N.C. needs more primary election debates
I’m inviting Republican candidates to join me for livestreamed debates before the March primary.
I’m a politics nerd. I freaking love debates. But I also understand why they’ve fallen out of favor.
In today’s media-saturated environment, people’s attention is fractured. Fewer people are willing to watch a full hour live, and so few people are actually persuadable that it doesn’t really make sense for candidates to take the risk and invest the time. Campaigns would rather control the message than take the risk of a real back-and-forth.
If debates were truly decisive, Dan Forest would be governor right now. He absolutely clobbered Roy Cooper in the one and only debate of 2020.
The bigger issue is that general election debates can only do so much. By the fall, most voters already know what a Democrat and a Republican are going to say on the biggest topics. The choice is clear. A debate might confirm impressions, and it can reveal competence and temperament, but it rarely helps you discover what’s actually different.
Primaries, though, are where debates really matter.
In a primary, voters are often choosing between candidates who mostly agree on the basics, which means the real questions are about priorities, judgment, seriousness, and what you’ll actually do once you get there. Especially in General Assembly races, that’s not always easy to sort out from mailers and social media.
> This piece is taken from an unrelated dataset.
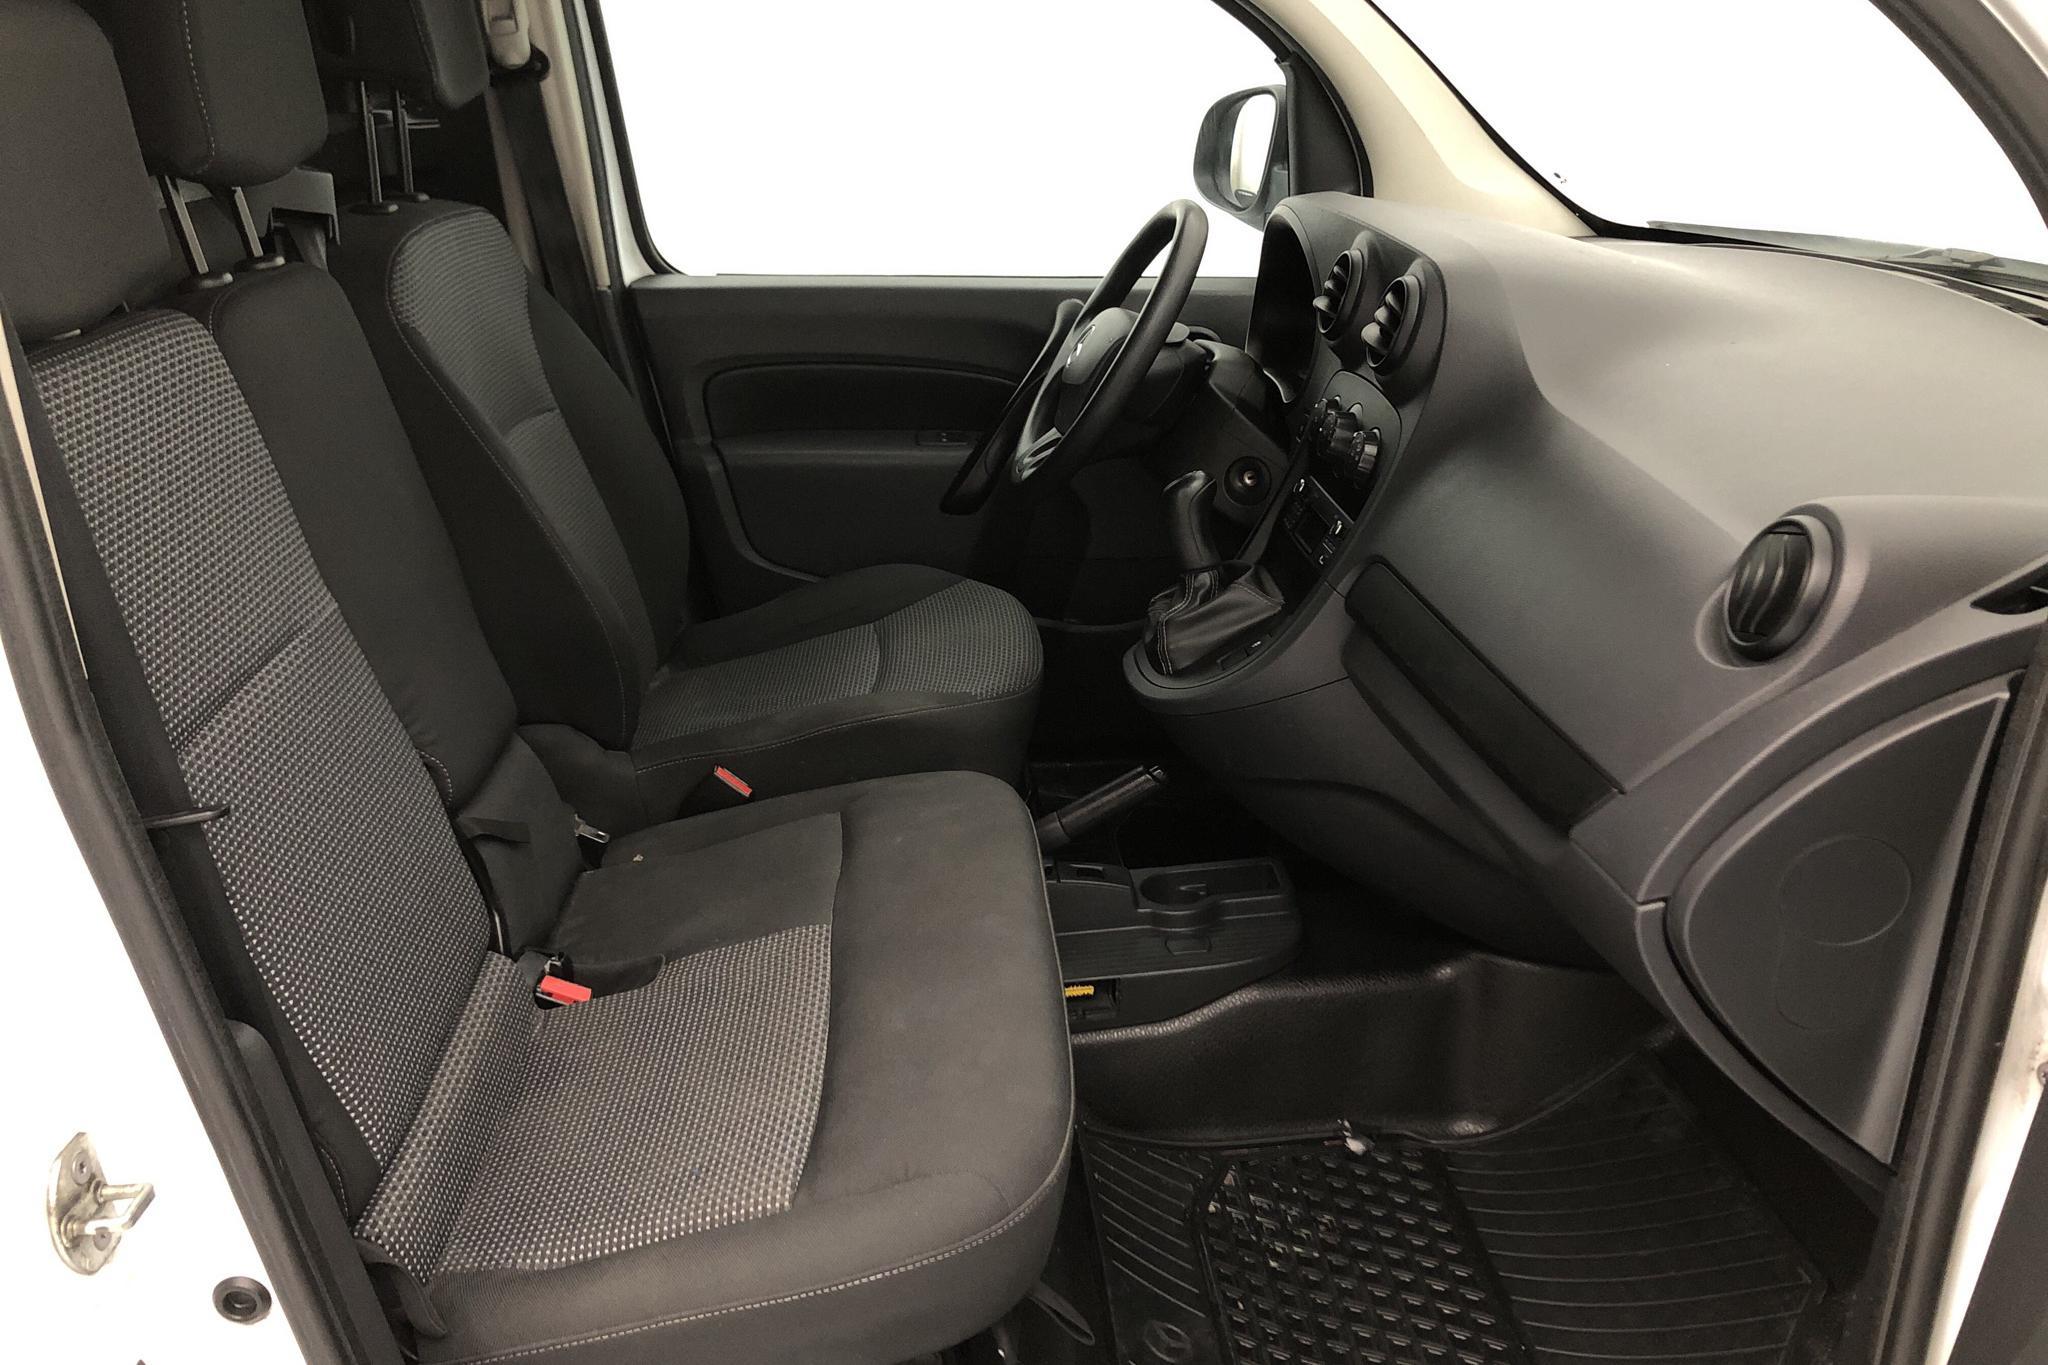 Mercedes Citan 109 1.5 CDI (90hk) - 14 887 mil - Manuell - vit - 2017

Right now, we just don’t give voters many chances to see candidates tested side by side.
So I want to help fix it.
Between now and the March primary, I’m offering to host and moderate live-streamed debates among Republican candidates. Candidates can do it from a home computer. No travel. No studio. Just a clean, fair format that voters can watch live or catch later.
Here’s the structure I have in mind: We start with three-minute opening statements, then we run six to eight questions alternating back and forth between candidates. For each question, each candidate gets a minute to answer, the opponent gets a minute to rebut, and then the first person gets a minute to respond back. Then we wrap with three-minute closing statements.
The key is that these should feel like actual debates, not alternating statements. Within reason — and in my discretion as moderator — if the exchange is substantive and voters are learning something, I’m going to let the candidates engage with each other instead of cutting everything off the moment the stopwatch buzzes.
Afterward, I’ll give both campaigns the raw video files, so they can clip and use the footage however they want.
I’m particularly interested in hosting debates in these Republican contests, in no particular order:
Rep. Jake Johnson vs. former Rep. Mike Hager (N.C. House District 113)
John Powell vs. Clancy Baucom (N.C. House District 55)
Judge Michael Byrne vs. Judge Matt Smith (N.C. Court of Appeals, Seat 1)
Sen. Phil Berger vs. Rockingham County Sheriff Sam Page (N.C. Senate District 26)
Sen. Chris Measmer vs. former Rep. Kevin Crutchfield (N.C. Senate District 34)
Rep. Jimmy Dixon vs. Marcella Barbour (N.C. House District 4)
Rep. Keith Kidwell vs. Darren Armstrong (N.C. House District 79)
I’m going to reach out to these candidates and try to set them up. If you’re in a different race and you’re willing to debate, let me know. I can’t promise I’ll land every matchup, but I’ll do my best to broker an agreement and make it easy.
Let’s do more primary debates in North Carolina.
Quick hits
The State Board of Elections just signed off on early voting plans for the primary, and in most counties it was routine and bipartisan. In my new column, I argue progressive groups are turning a handful of disputes into a voter suppression morality play, even though many changes are just resource tradeoffs that officials should be able to explain clearly.
Read the full column here, free with gift link: Not every early voting change in North Carolina is a Republican conspiracy
The removal petition against Mecklenburg County Sheriff Garry McFadden was tossed in court last week, but the SBI investigation is still moving forward. In my other column, I argue he should resign now to protect the sheriff’s office and salvage what’s left of his own name.
Read it with gift link: For Charlotte’s sake, sheriff Garry McFadden should resign




Agree and disagree. Yes, way back in 2014, the Tillis/Rove team proved they could duck debates, hide from their party base, and guilt us into supporting him in November. That’s how NC twice elected one of the most liberal “Republicans” in the Senate.
Disagree on the Forrest assessment because he kept playing the “nice guy” shtick during the debate, while Cooper was in full attack mode. From a pure consumer perspective, Dan came across as weak. After early voting began, a center-right female friend told me she voted for Forrest, “but he’s not going to win.”